In the entries that follow, find the line containing "Gesetzblatt (GBl.) der" and the line containing "SynCare Soft Touch", then copy exactly everything from the first through the second except the pictures.

> **EXERCISE INPUTS**
=====

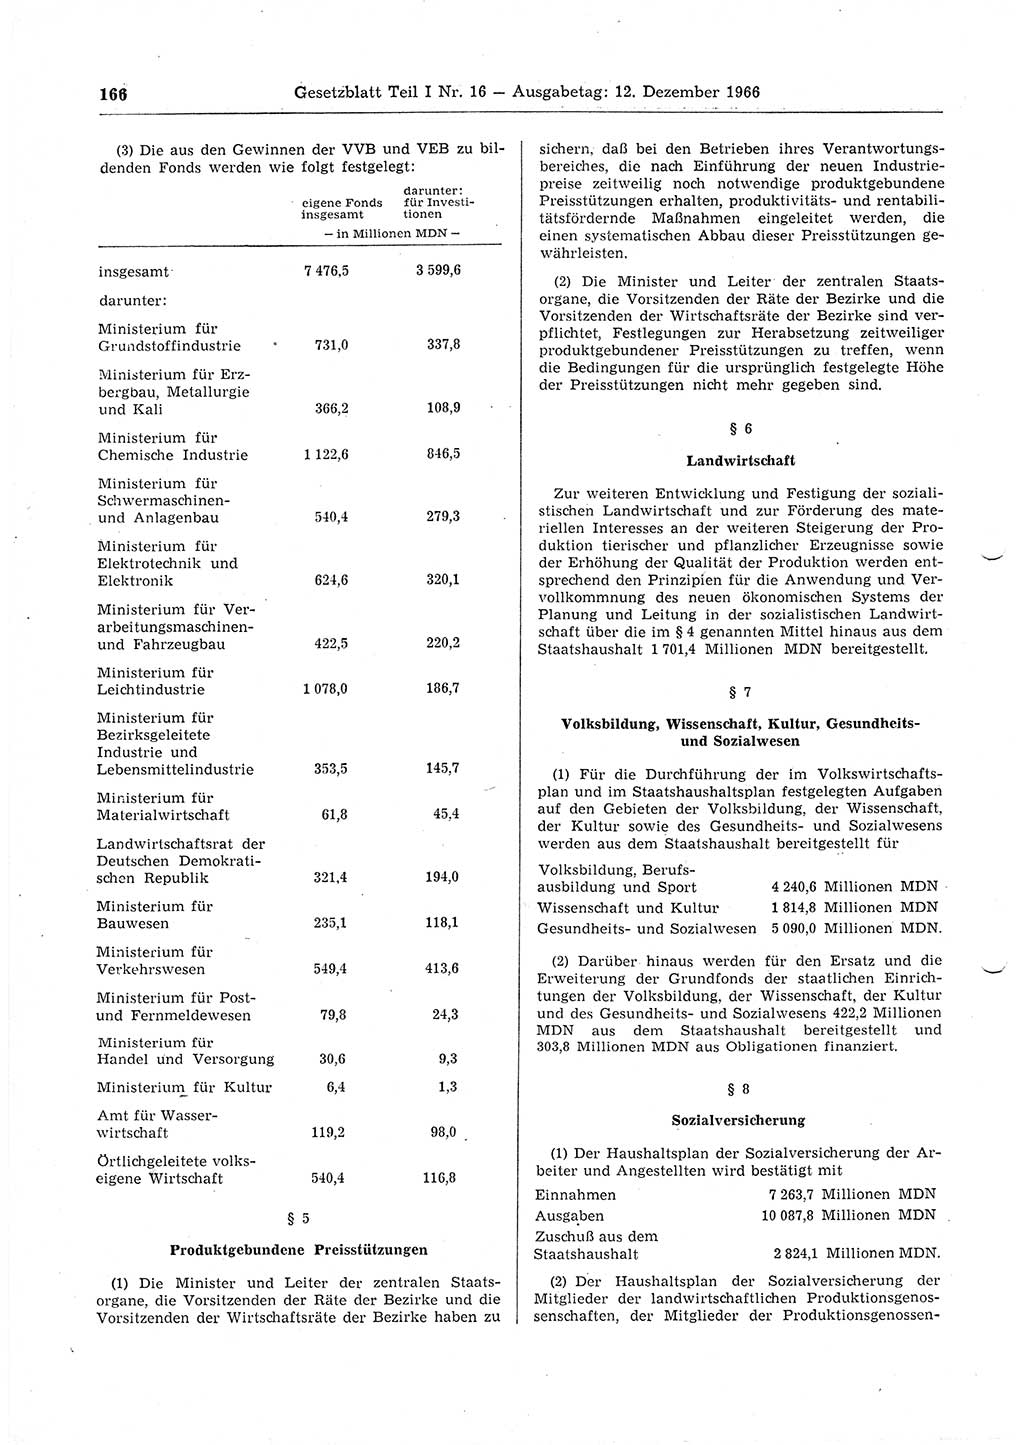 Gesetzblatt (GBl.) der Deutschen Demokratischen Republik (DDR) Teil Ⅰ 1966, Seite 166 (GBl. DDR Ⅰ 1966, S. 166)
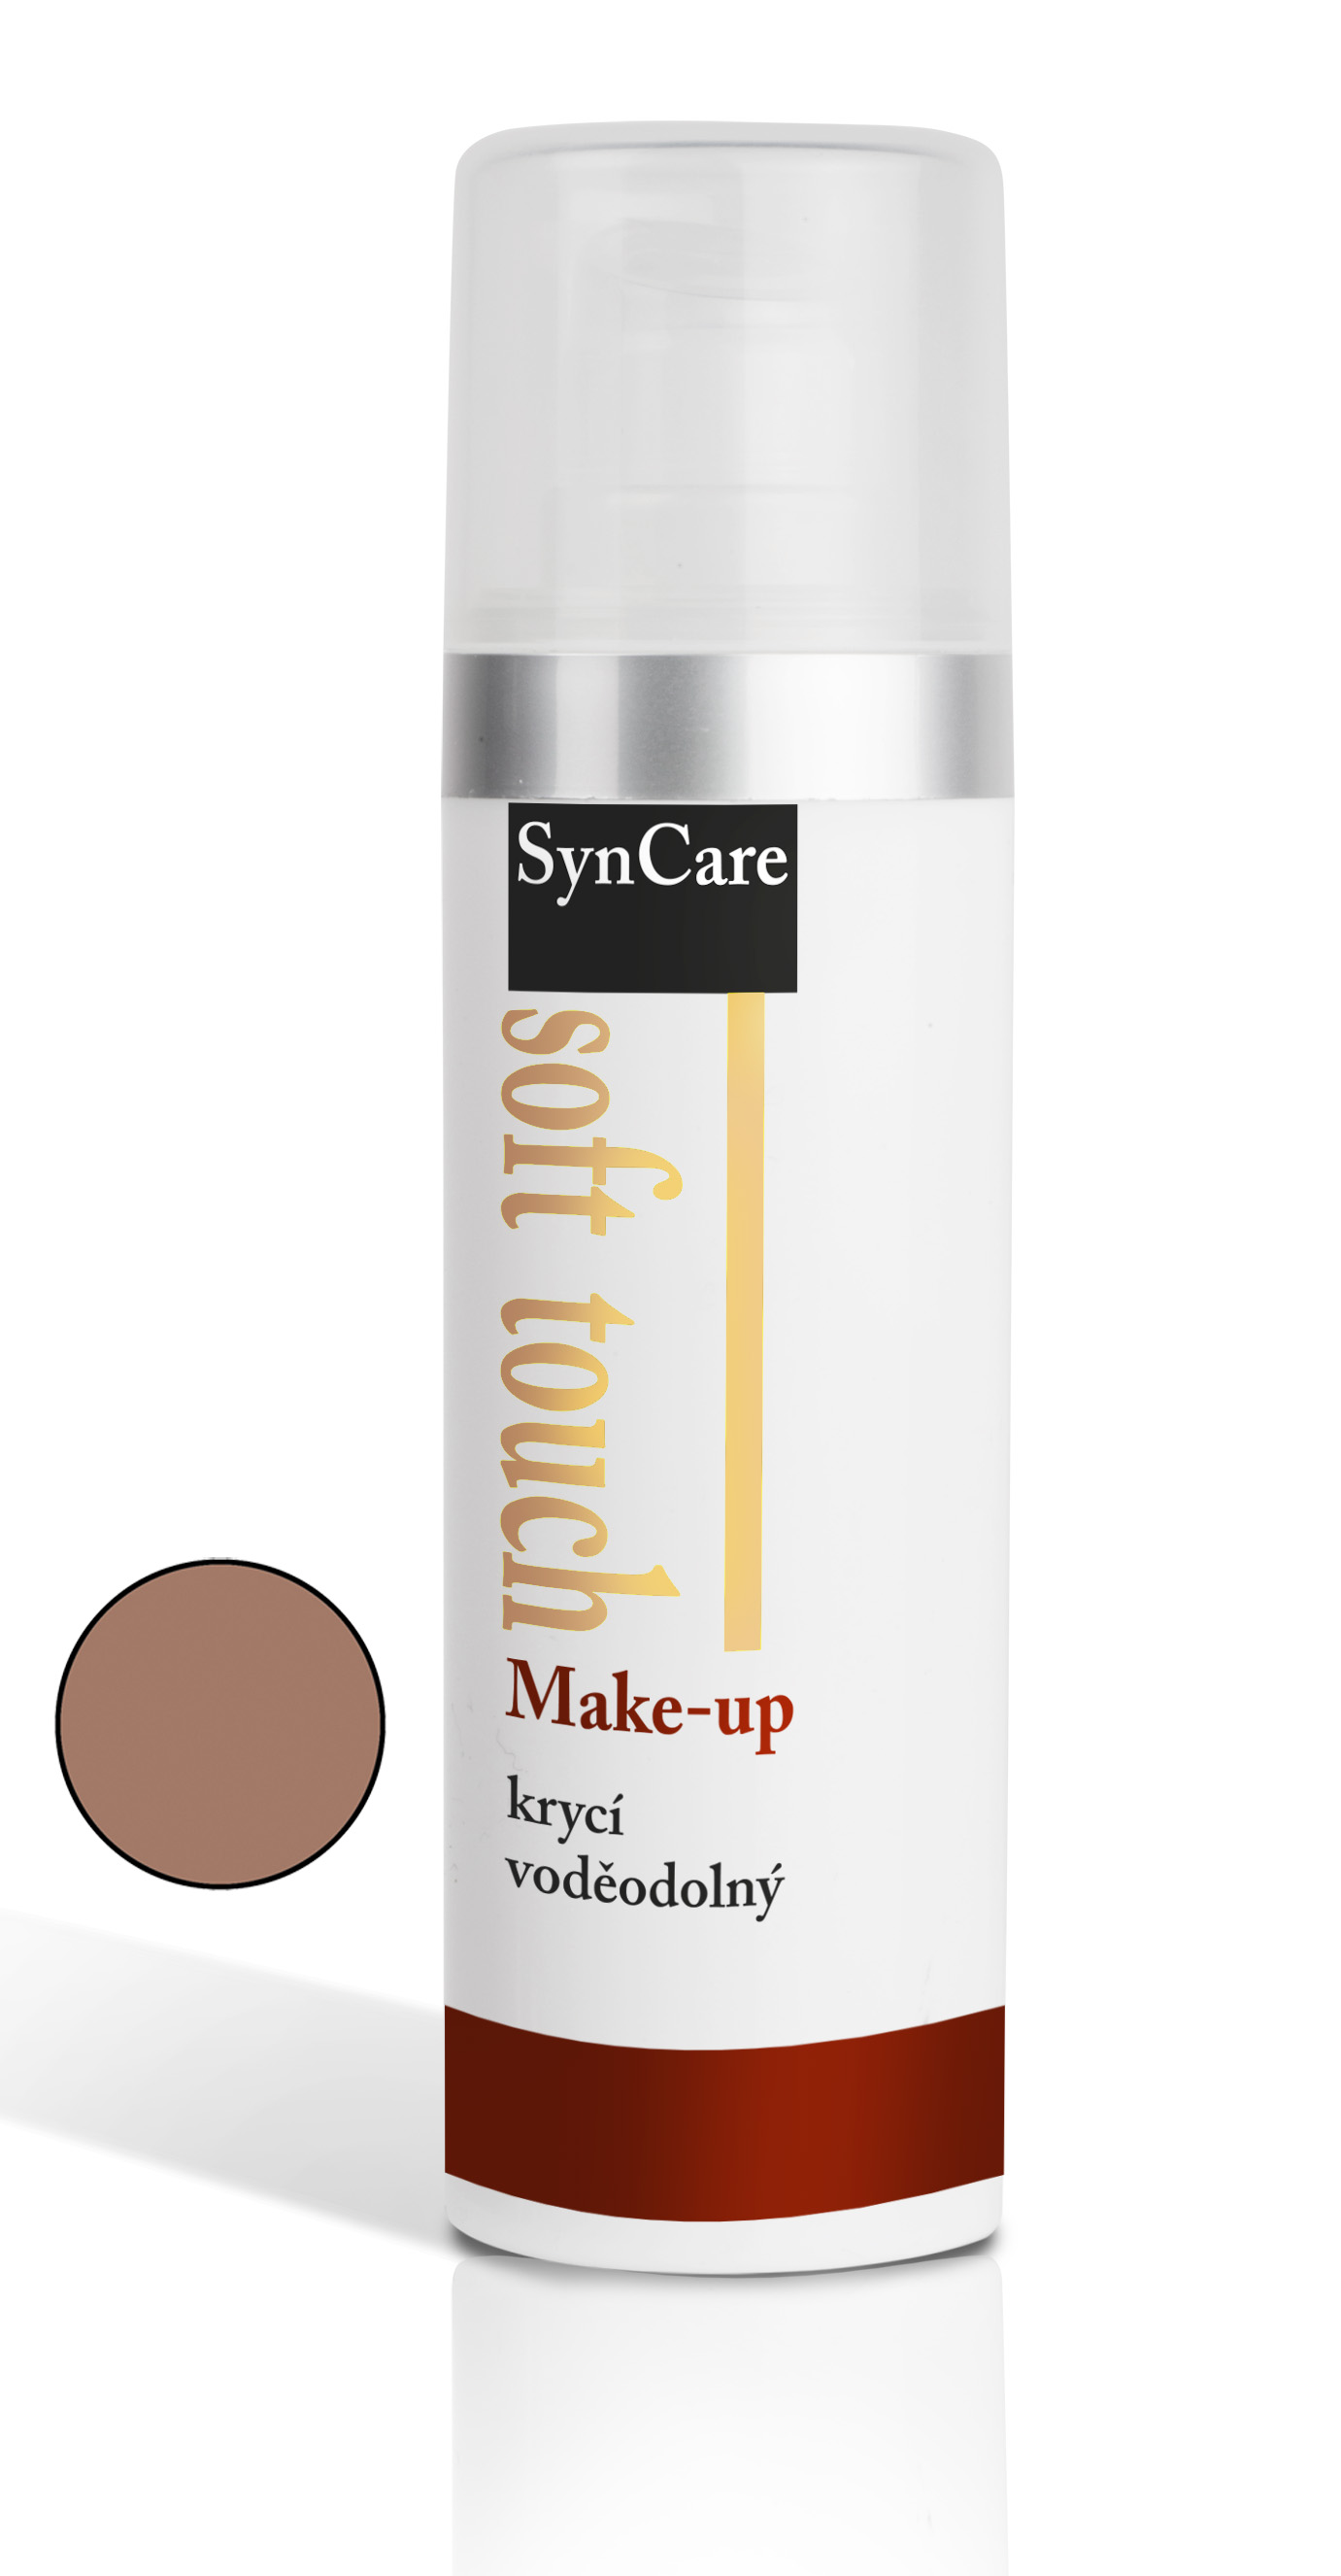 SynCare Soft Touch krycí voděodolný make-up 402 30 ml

=====

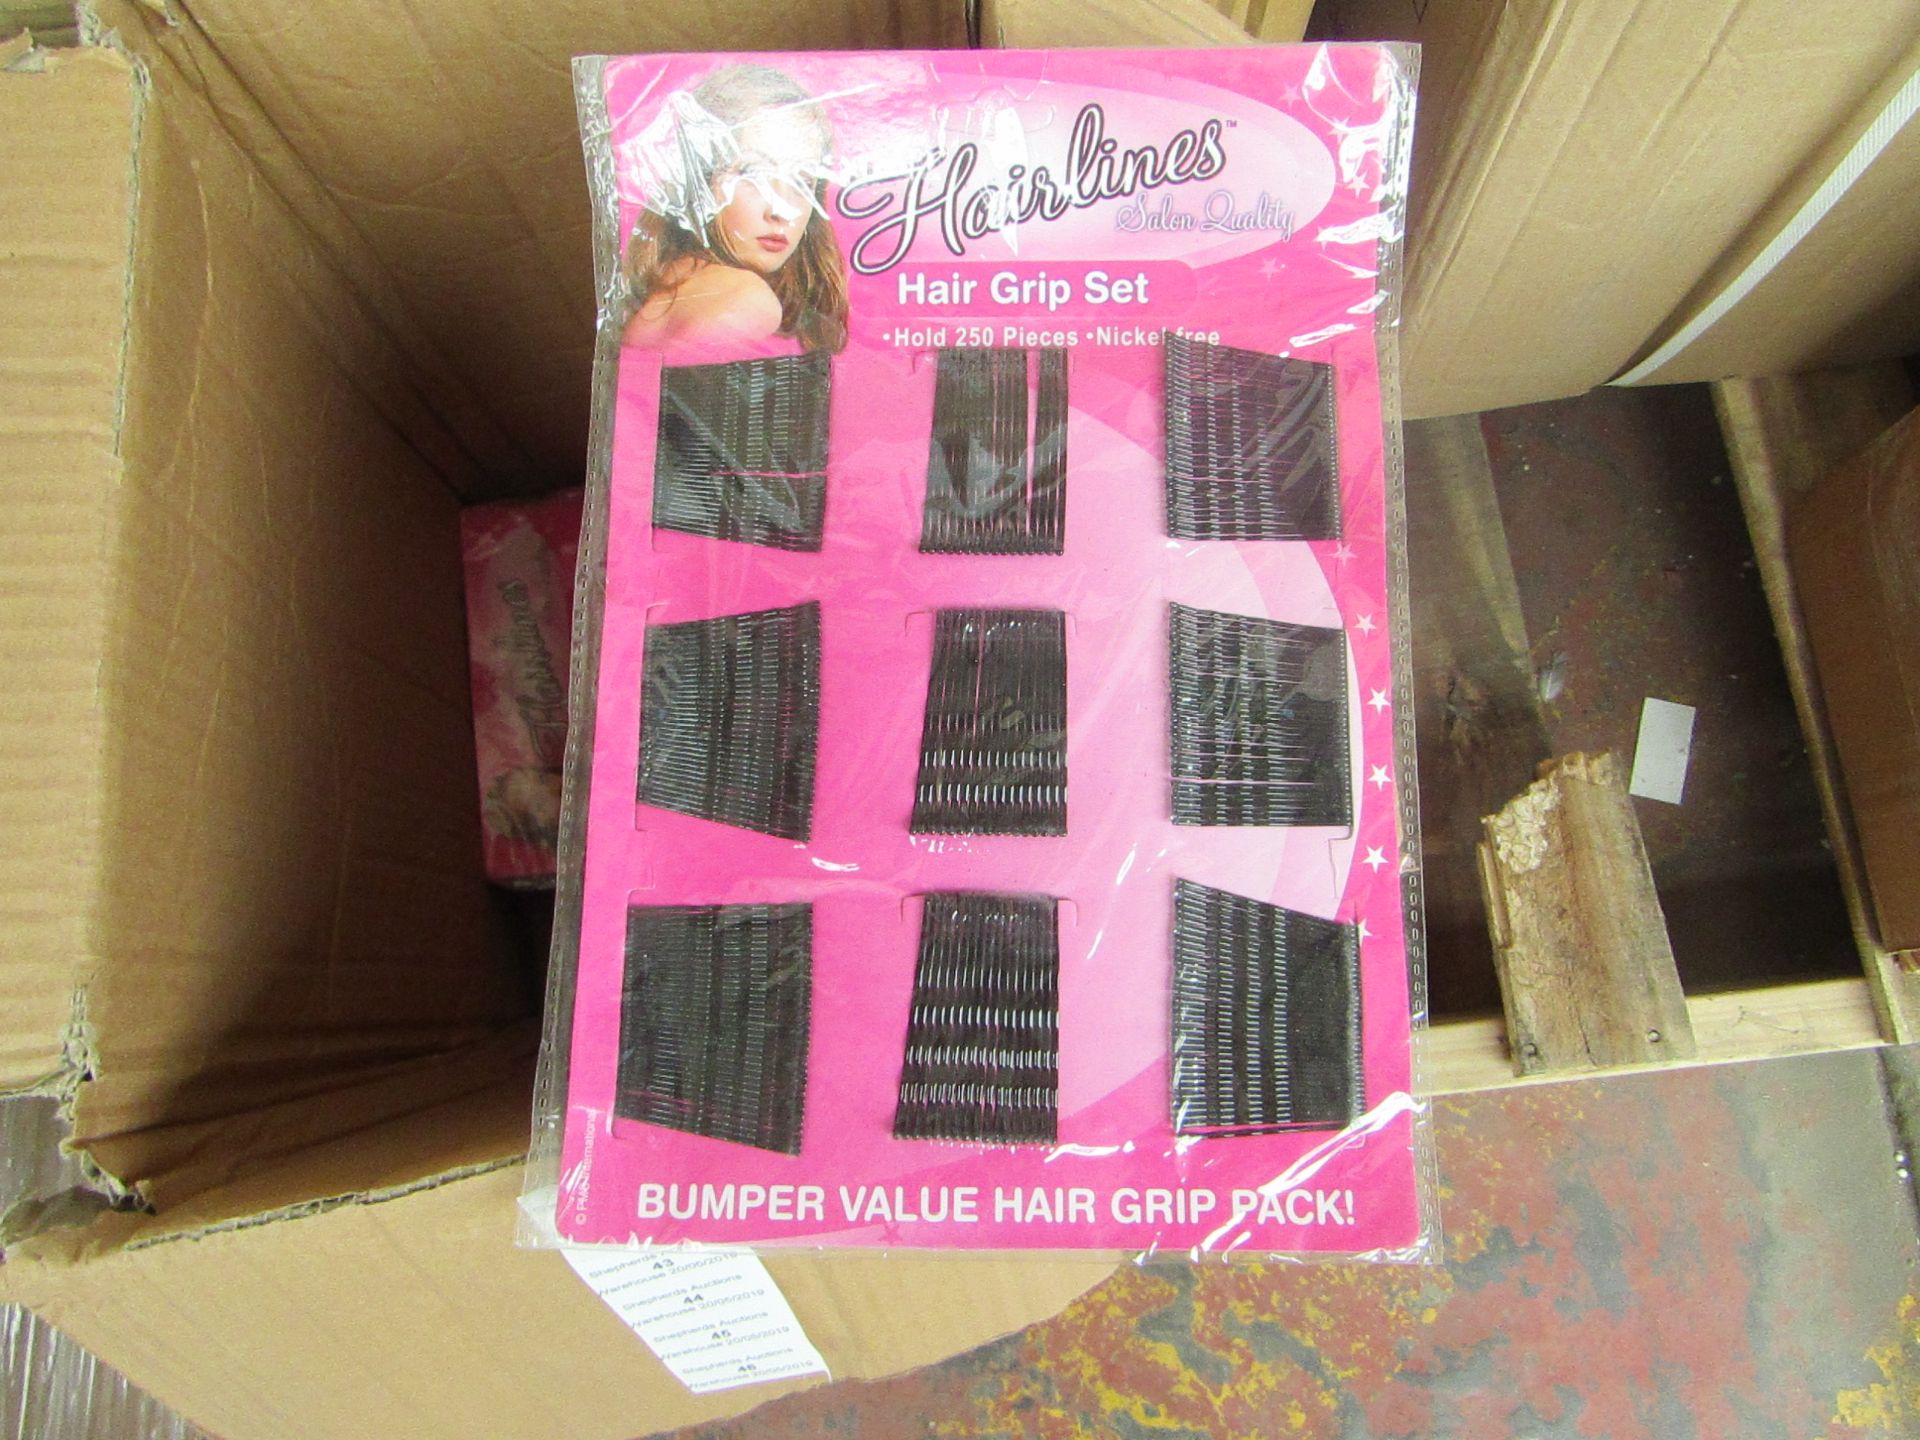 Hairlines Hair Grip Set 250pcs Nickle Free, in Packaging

=====

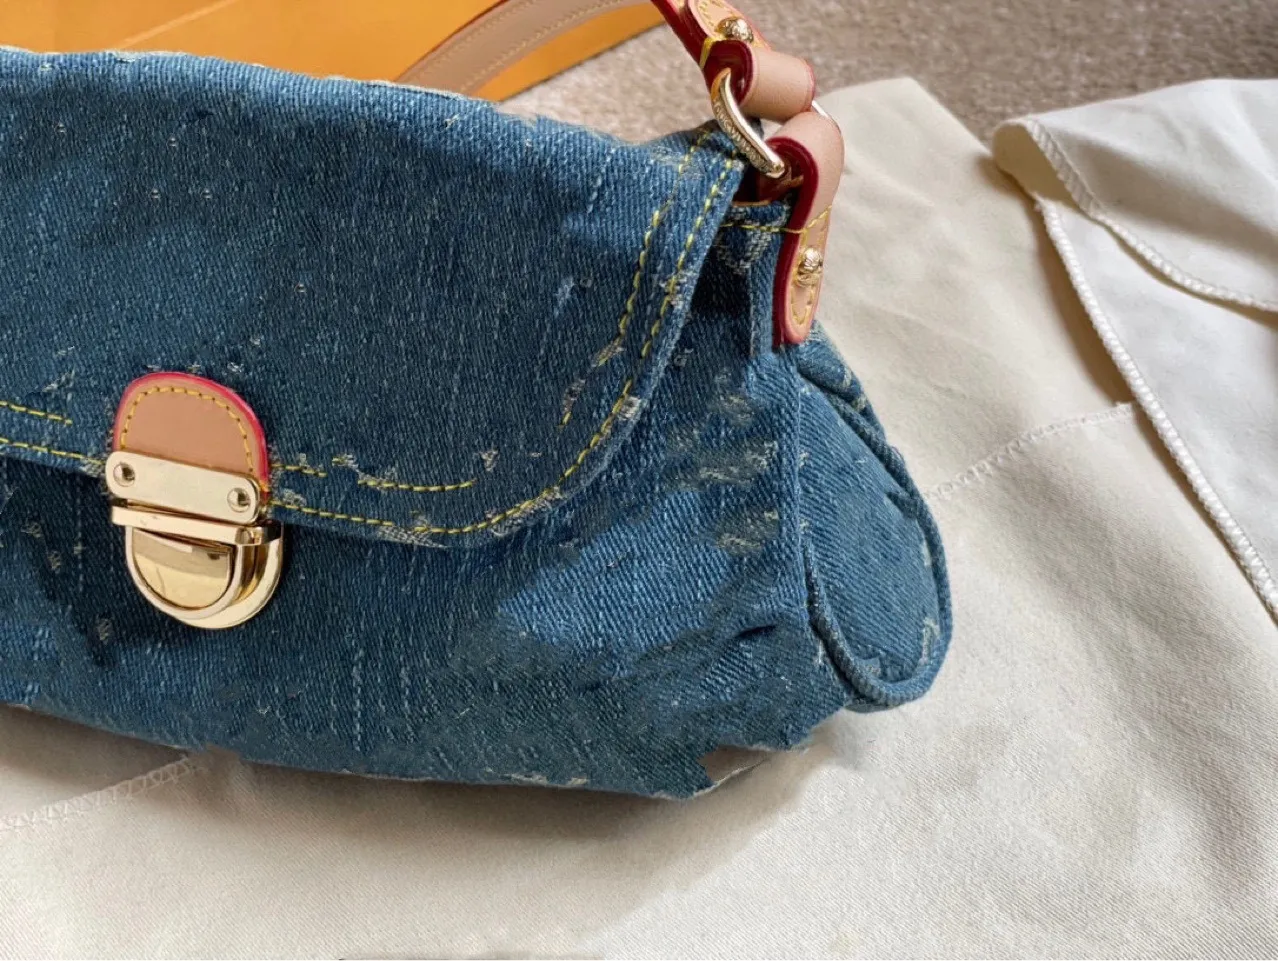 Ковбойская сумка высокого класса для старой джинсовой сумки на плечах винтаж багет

=====

> **REPLY**
 Gesetzblatt (GBl.) der Deutschen Demokratischen Republik (DDR) Teil Ⅰ 1966, Seite 166 (GBl. DDR Ⅰ 1966, S. 166)
 SynCare Soft Touch krycí voděodolný make-up 402 30 ml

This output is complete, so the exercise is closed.